𝗔𝗱𝗮𝗯 𝗠𝗲𝗺𝗯𝗮𝗰𝗮 𝗔𝗹-𝗤𝘂𝗿’𝗮𝗻 𝗱𝗲𝗻𝗴𝗮𝗻 𝗧𝗮𝗿𝘁𝗶𝗹
Allah ﷻ berfirman:
وَرَتِّلِ ٱلْقُرْءَانَ تَرْتِيلًا
“𝘞𝘢 𝘳𝘢𝘵𝘵𝘪̄𝘭𝘪𝘭-𝘲𝘶𝘳’𝘢̄𝘯𝘢 𝘵𝘢𝘳𝘵𝘪̄𝘭𝘢̄”
“𝘋𝘢𝘯 𝘣𝘢𝘤𝘢𝘭𝘢𝘩 𝘈𝘭-𝘘𝘶𝘳’𝘢𝘯 𝘪𝘵𝘶 𝘥𝘦𝘯𝘨𝘢𝘯 𝘵𝘢𝘳𝘵𝘪𝘭 (𝘱𝘦𝘳𝘭𝘢𝘩𝘢𝘯-𝘭𝘢𝘩𝘢𝘯, 𝘫𝘦𝘭𝘢𝘴, 𝘥𝘢𝘯 𝘣𝘦𝘳𝘢𝘵𝘶𝘳𝘢𝘯).”
(QS. Al-Muzzammil: 4)
Ayat ini menjadi dasar bahwa membaca Al-Qur’an bukan dengan suara keras tanpa kendali, tetapi dengan ketenangan, kejelasan, dan penghayatan.
Rasulullah ﷺ bersabda:
“𝘚𝘦𝘴𝘶𝘯𝘨𝘨𝘶𝘩𝘯𝘺𝘢 𝘰𝘳𝘢𝘯𝘨 𝘺𝘢𝘯𝘨 𝘱𝘢𝘭𝘪𝘯𝘨 𝘣𝘢𝘪𝘬 𝘣𝘢𝘤𝘢𝘢𝘯𝘯𝘺𝘢 𝘢𝘥𝘢𝘭𝘢𝘩 𝘺𝘢𝘯𝘨 𝘬𝘦𝘵𝘪𝘬𝘢 𝘦𝘯𝘨𝘬𝘢𝘶 𝘮𝘦𝘯𝘥𝘦𝘯𝘨𝘢𝘳𝘯𝘺𝘢, 𝘵𝘢𝘮𝘱𝘢𝘬 𝘪𝘢 𝘮𝘦𝘳𝘢𝘴𝘢 𝘵𝘢𝘬𝘶𝘵 𝘬𝘦𝘱𝘢𝘥𝘢 𝘈𝘭𝘭𝘢𝘩.”

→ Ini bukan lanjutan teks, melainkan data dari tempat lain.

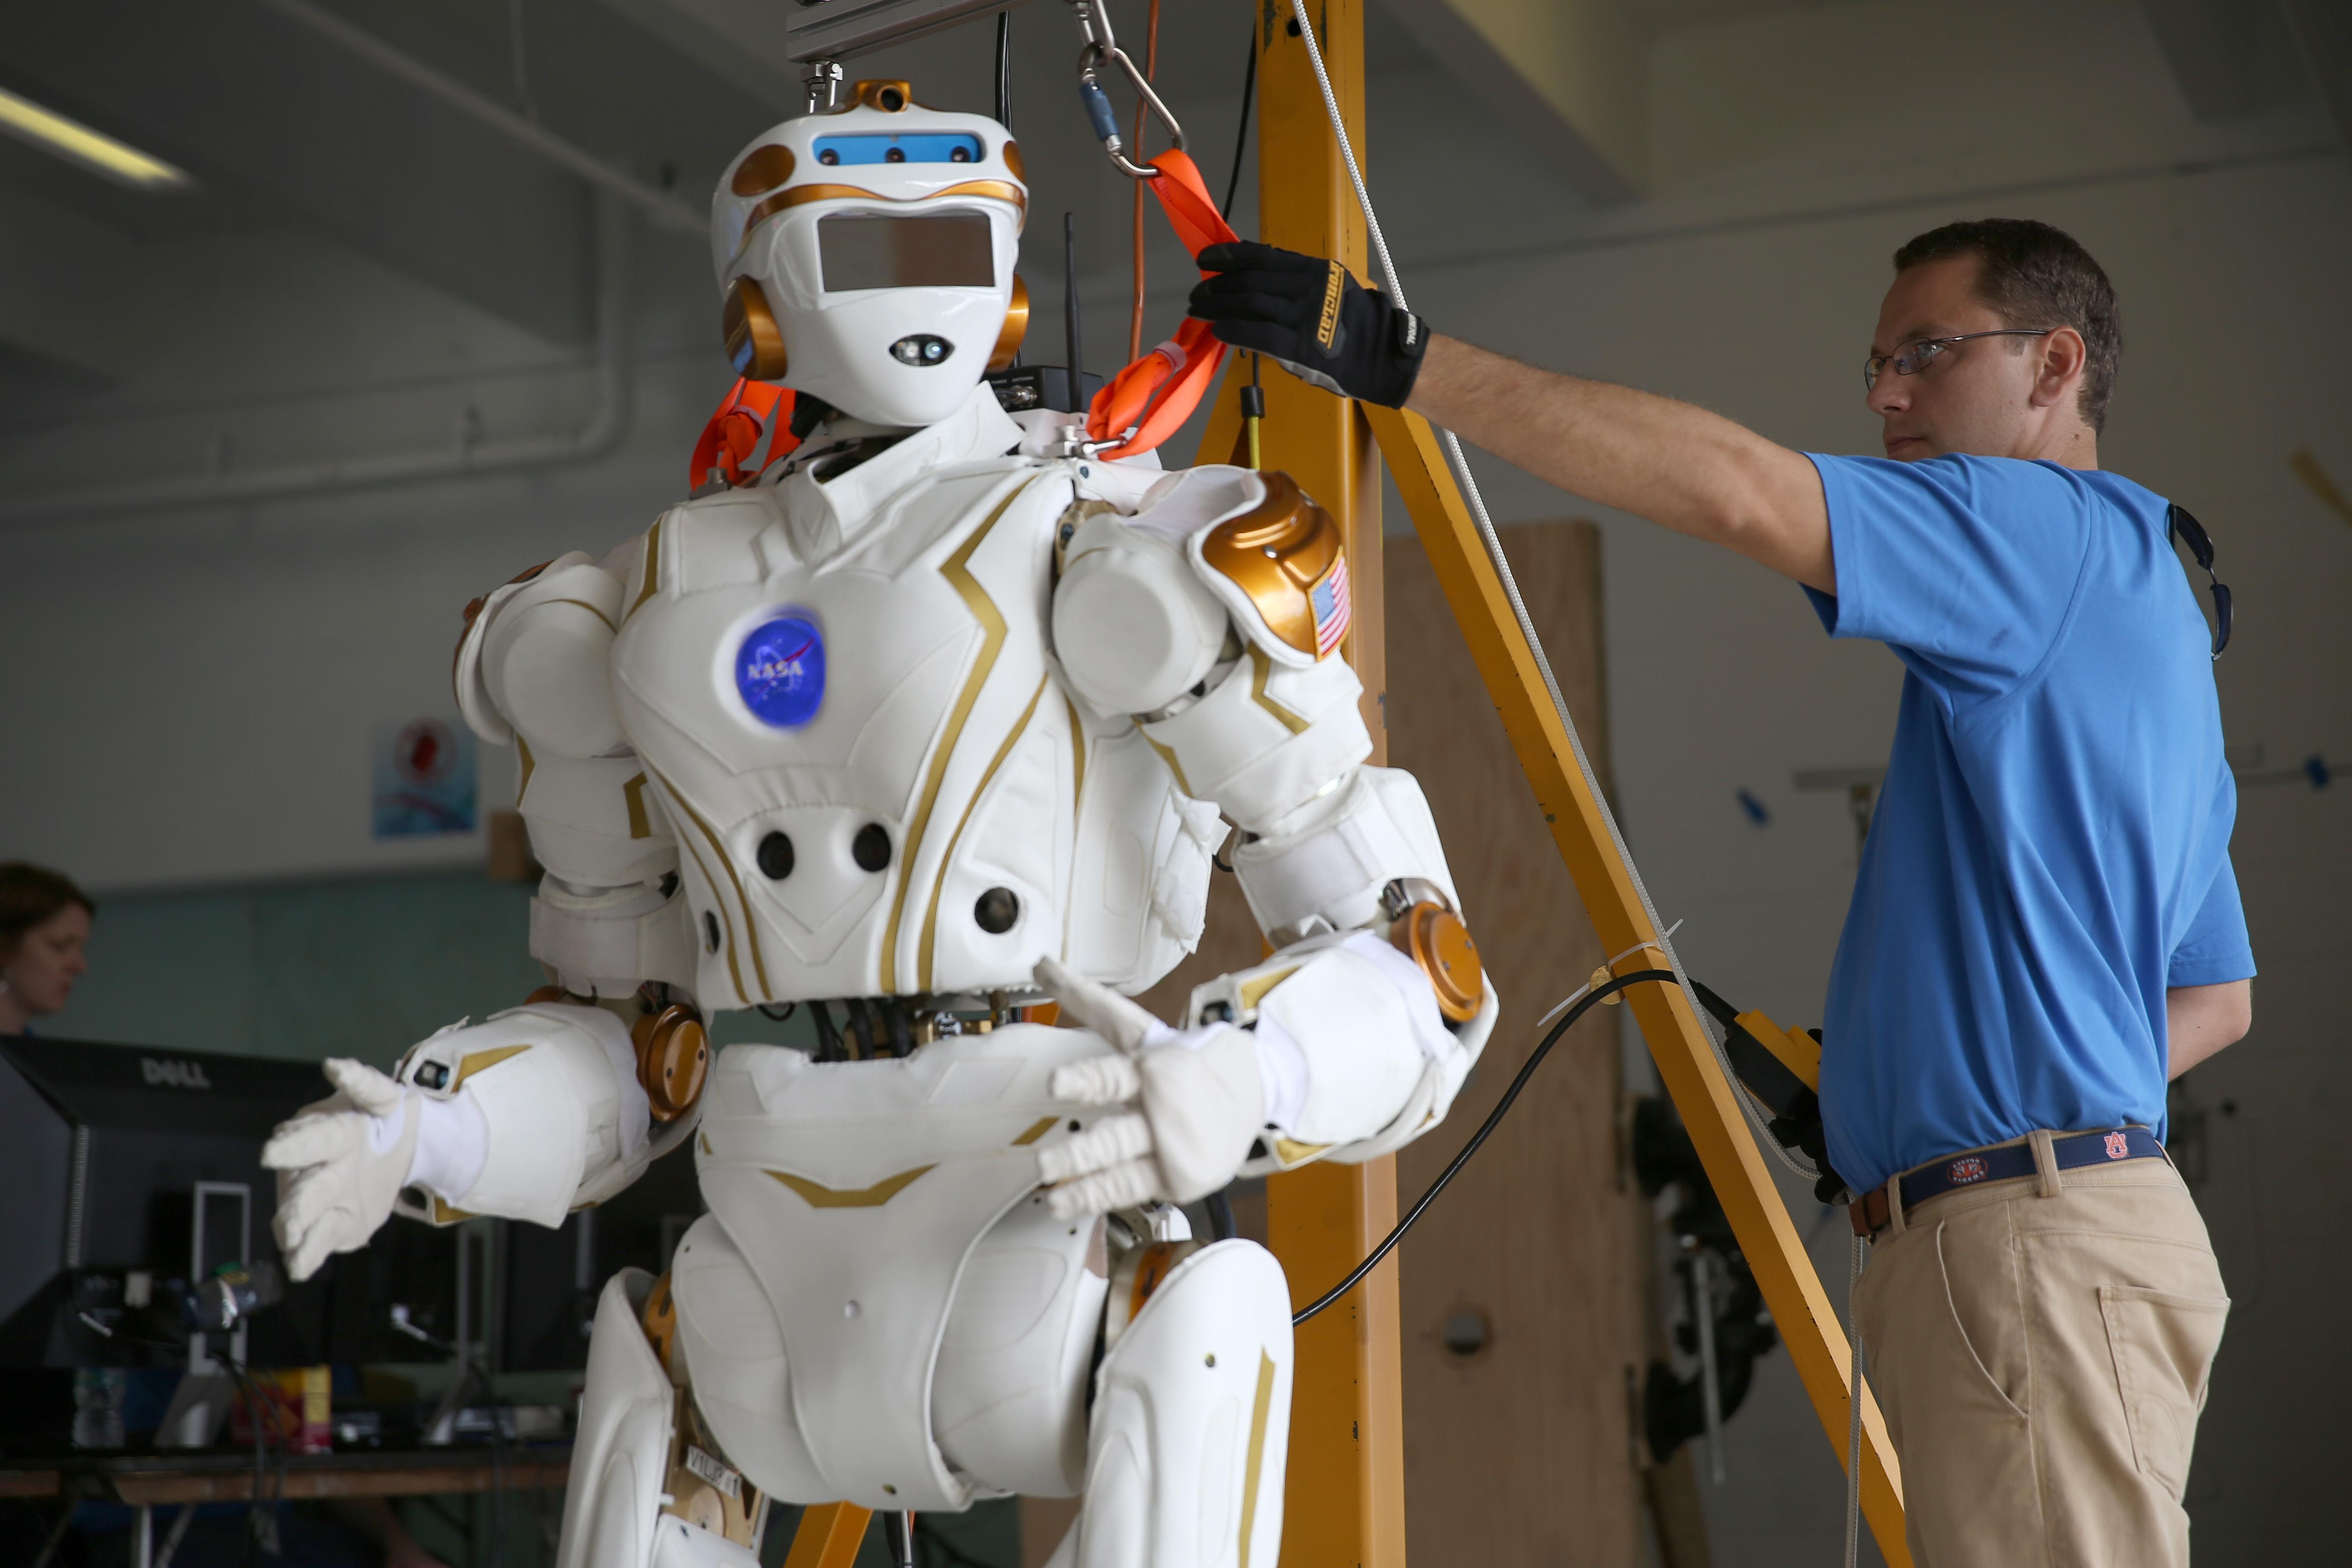 nasa humanoid robot - HD1600×915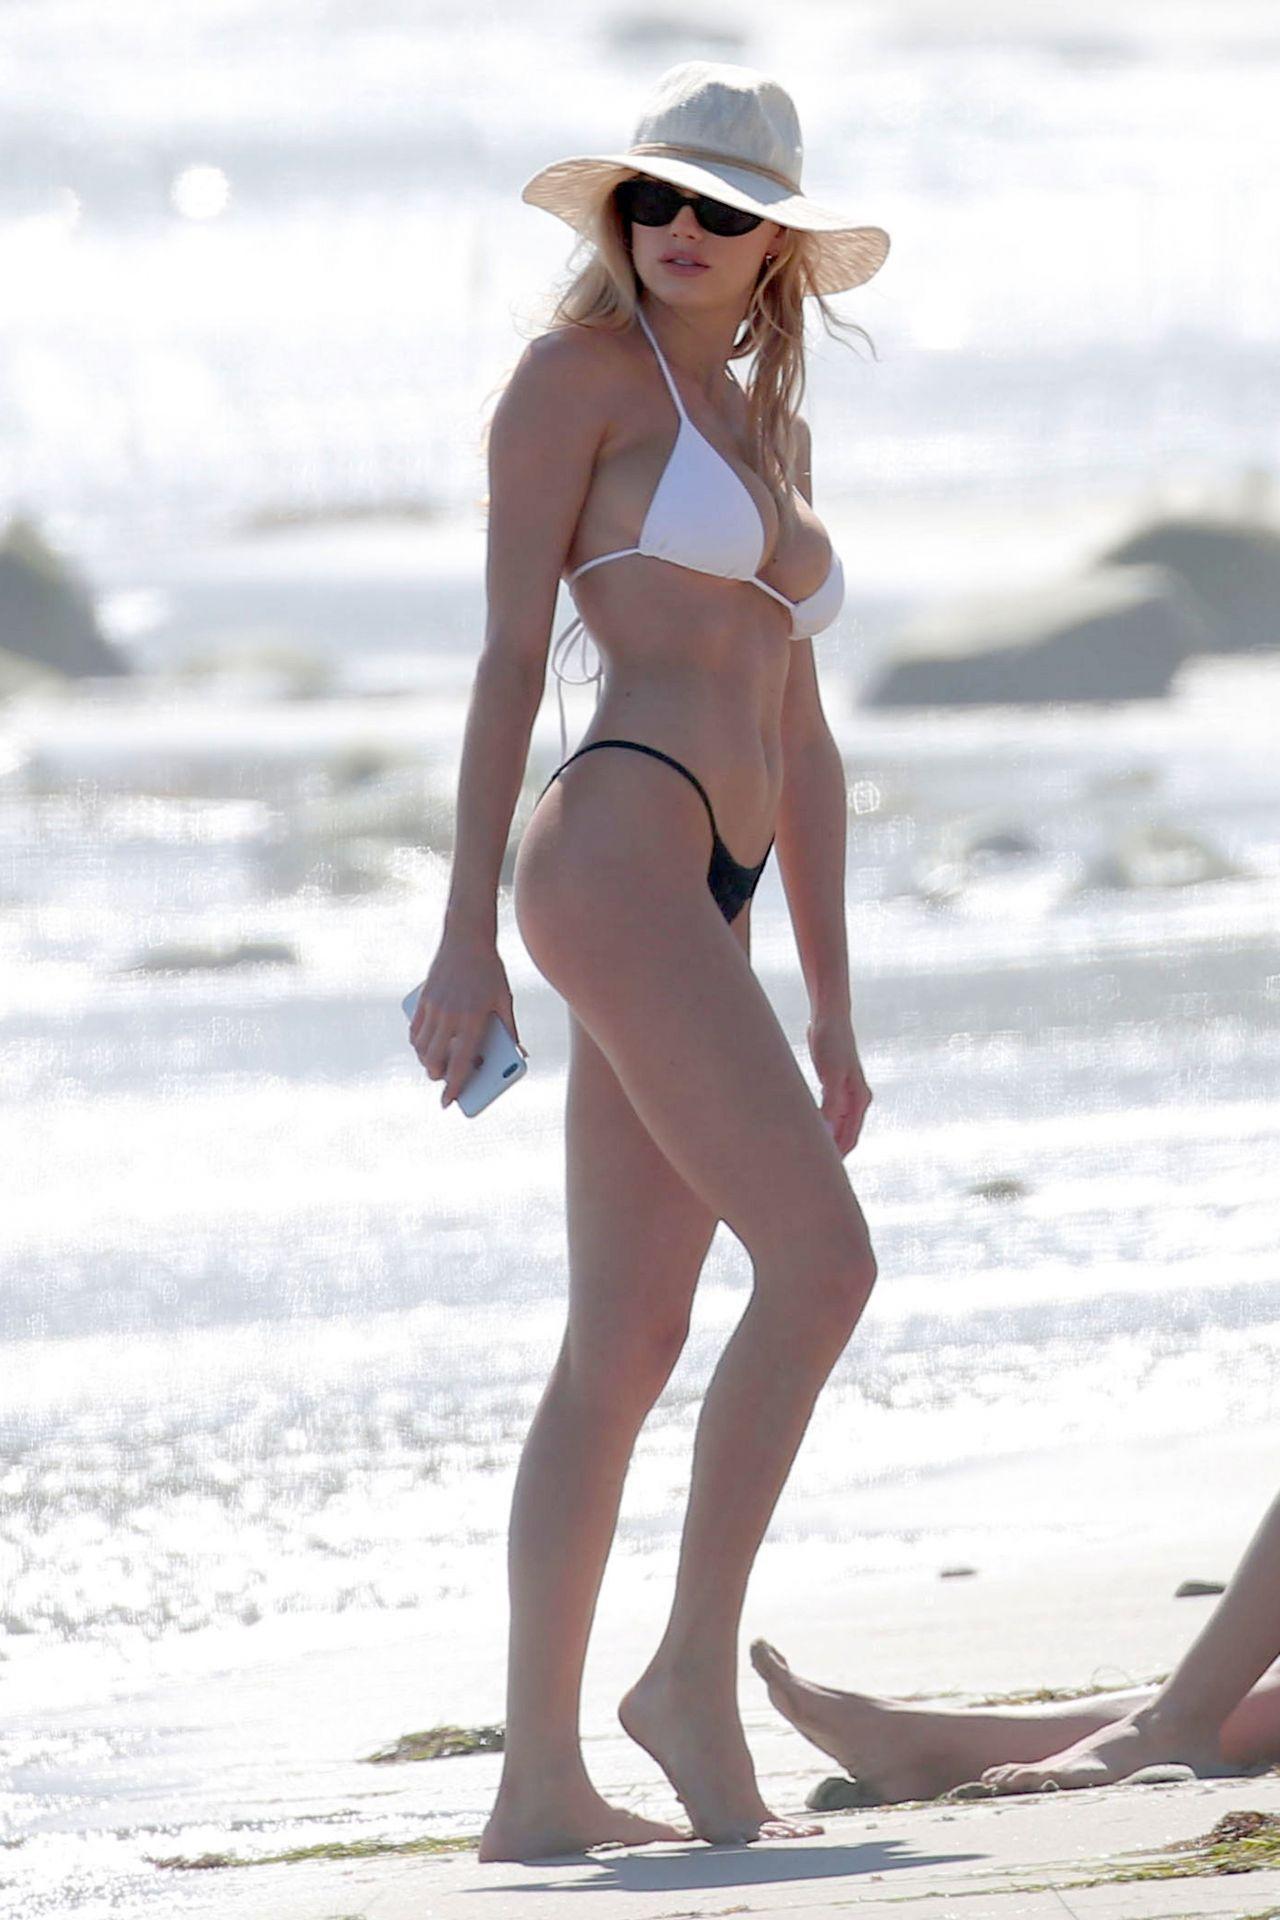 c6067ef801c50 Charlotte McKinney Hot in Bikini – Beach in LA 05 29 2017 ...

(HR. Ibnu Majah, no. 1339)
Artinya, bacaan Qur’an seharusnya menggetarkan hati, bukan memekakkan telinga.
Rasulullah ﷺ bersabda:
𝘒𝘦𝘵𝘢𝘩𝘶𝘪𝘭𝘢𝘩, 𝘴𝘦𝘴𝘶𝘯𝘨𝘨𝘶𝘩𝘯𝘺𝘢 𝘴𝘦𝘵𝘪𝘢𝘱 𝘬𝘢𝘭𝘪𝘢𝘯 𝘴𝘦𝘥𝘢𝘯𝘨 𝘣𝘦𝘳𝘮𝘶𝘯𝘢𝘫𝘢𝘵 𝘬𝘦𝘱𝘢𝘥𝘢 𝘙𝘢𝘣𝘣-𝘯𝘺𝘢. 𝘔𝘢𝘬𝘢 𝘫𝘢𝘯𝘨𝘢𝘯𝘭𝘢𝘩 𝘴𝘦𝘣𝘢𝘨𝘪𝘢𝘯 𝘬𝘢𝘭𝘪𝘢𝘯 𝘮𝘦𝘯𝘨𝘨𝘢𝘯𝘨𝘨𝘶 𝘴𝘦𝘣𝘢𝘨𝘪𝘢𝘯 𝘺𝘢𝘯𝘨 𝘭𝘢𝘪𝘯. 𝘋𝘢𝘯 𝘫𝘢𝘯𝘨𝘢𝘯𝘭𝘢𝘩 𝘴𝘦𝘣𝘢𝘨𝘪𝘢𝘯 𝘬𝘢𝘭𝘪𝘢𝘯 𝘮𝘦𝘯𝘨𝘦𝘳𝘢𝘴𝘬𝘢𝘯 𝘣𝘢𝘤𝘢𝘢𝘯 𝘈𝘭-𝘘𝘶𝘳’𝘢𝘯 𝘥𝘪 𝘢𝘵𝘢𝘴 𝘣𝘢𝘤𝘢𝘢𝘯 𝘺𝘢𝘯𝘨 𝘭𝘢𝘪𝘯.”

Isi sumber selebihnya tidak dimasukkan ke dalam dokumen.